Out of curiosity, what, if any, impact will it have on a site or page if instead of using IDs or classes for elements, you simply create custom elements w/ JS and stylize them with CSS?
For example, if I create an element "container" and use it as <container> instead of <div class="container">, is there a performance difference or something?
I don't see this being used often and am wondering why?
That's like saying "What if I respect the syntax and grammar of English, but make up all the words?" While this thinking makes for good poetry, it doesn't lend itself well to technical fields ;)
HTML has a defined set of tags which are valid. If you use any tags which are made up, it will be invalid.
Now, that doesn't mean you can't get away with it; on the World Wide Web forgiveness is the default so if you used tags which you made up it wouldn't be the end of the world... but it would still be a bad idea because you'd have no guarantee how browsers handle those tags.
So the only real answer to "what impact will it have on a page if instead of using IDs or classes for elements, you simply create custom elements w/ JS and stylize them with CSS?" is anything could happen. Since you'd be using non-standard HTML elements, you'd end up with non-standard results, which none of us should try and predict.
If you really want to (and/or need to) use custom elements, look into XML. In XML you can "make up" your tags, but can still apply CSS and open the documents in a browser.
For example, save the following two files, and then open the XML file in a browser:
index.xml
<?xml-stylesheet href="style.xml.css"?>
<example>
<summary>
This is an example of making up tags in XML, and applying a stylesheet so you can open the file in a browser.
</summary>
<main>
<container>This is the stuff in the container</container>
</main>
</example>
style.xml.css
summary {
display:none;
}
main container {
border:2px solid blue;
background:yellow;
color:blue;
}
HTML is standardized, you can't simply invent new elements. Some browsers will render the text content of an element they don't recognize, but not all will, and your HTML will not be valid HTML in such a case.

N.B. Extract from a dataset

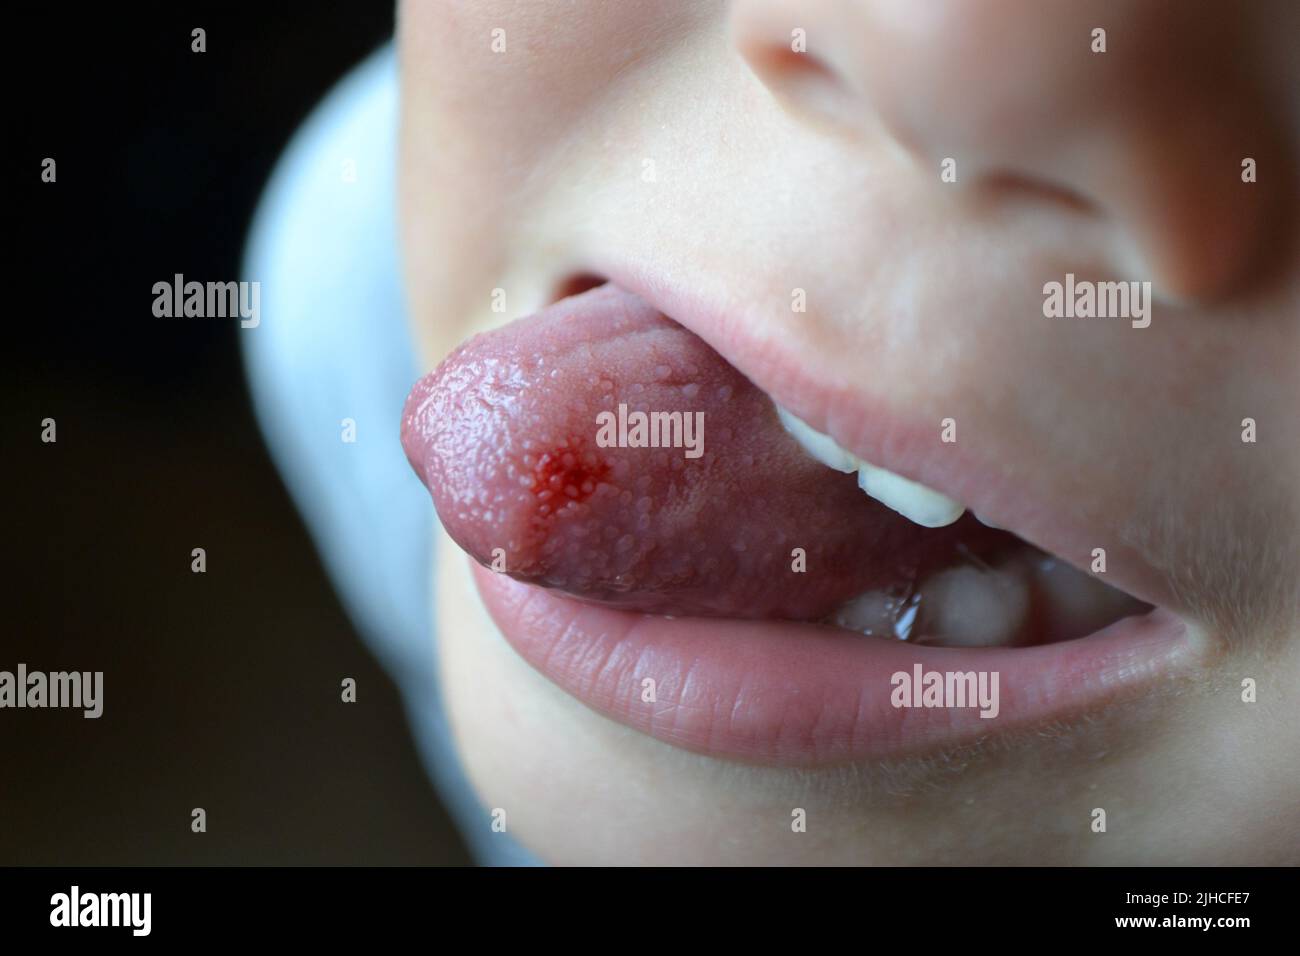 Lingua morso del bambino. Primo piano di labbra, lingua, protrusione di sangue Foto Stock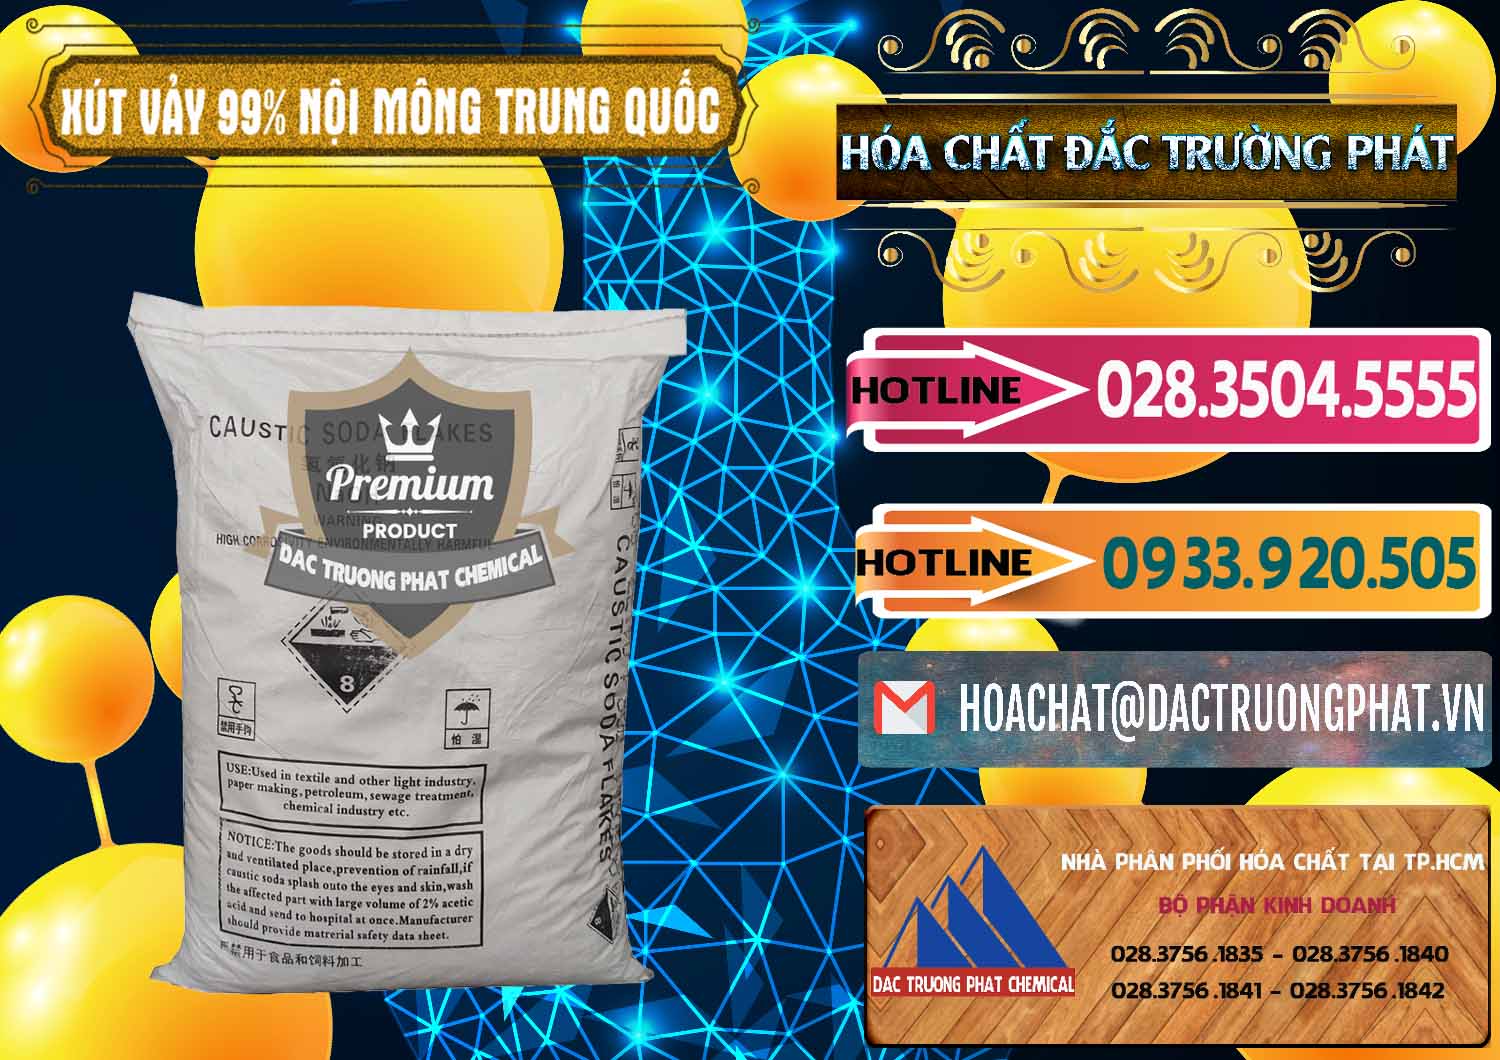 Công ty chuyên bán & cung cấp Xút Vảy - NaOH Vảy 99% Nội Mông Trung Quốc China - 0228 - Đơn vị chuyên cung cấp và bán hóa chất tại TP.HCM - dactruongphat.vn

HTML is a defined language, the elements and tags have certain meaning within the format. You cannot invent a new element not only because browsers may render those elements inconsistently, but also because the meaning and structure of the document becomes invalid.
You are best using the element that has the correct meaning for the content you wish to deliver. If you require a generic container for styling, the correct element is a div. There are similar elements that also provide some semantic meaning. I would recommend checking out a HTML tag index and HTML5 doctor for assistance in picking the correct element.
It sounds as though <div class="container">...</div> is the closest to what you need from your brief description.
If custom elements make your HTML easier to read and manage, go ahead and use them.
Since this question has been asked, custom elements have since been added to the WHATWG HTML Living Standard, along with an associated JavaScript API. Some web component frameworks are already implementing some of these specifications. It's no longer taboo like it was back in 2011. (I remember having some unpleasant issues dealing with the DOM in Internet Explorer when trying to use newly-announced HTML5 elements.)
As of writing this (November 2018), custom elements have been implemented into several major browsers. However, the MDN lists Microsoft Edge as having not yet implemented custom elements, although a blog post from 2015 says that the Edge team is "excited to continue to support and contribute to this journey."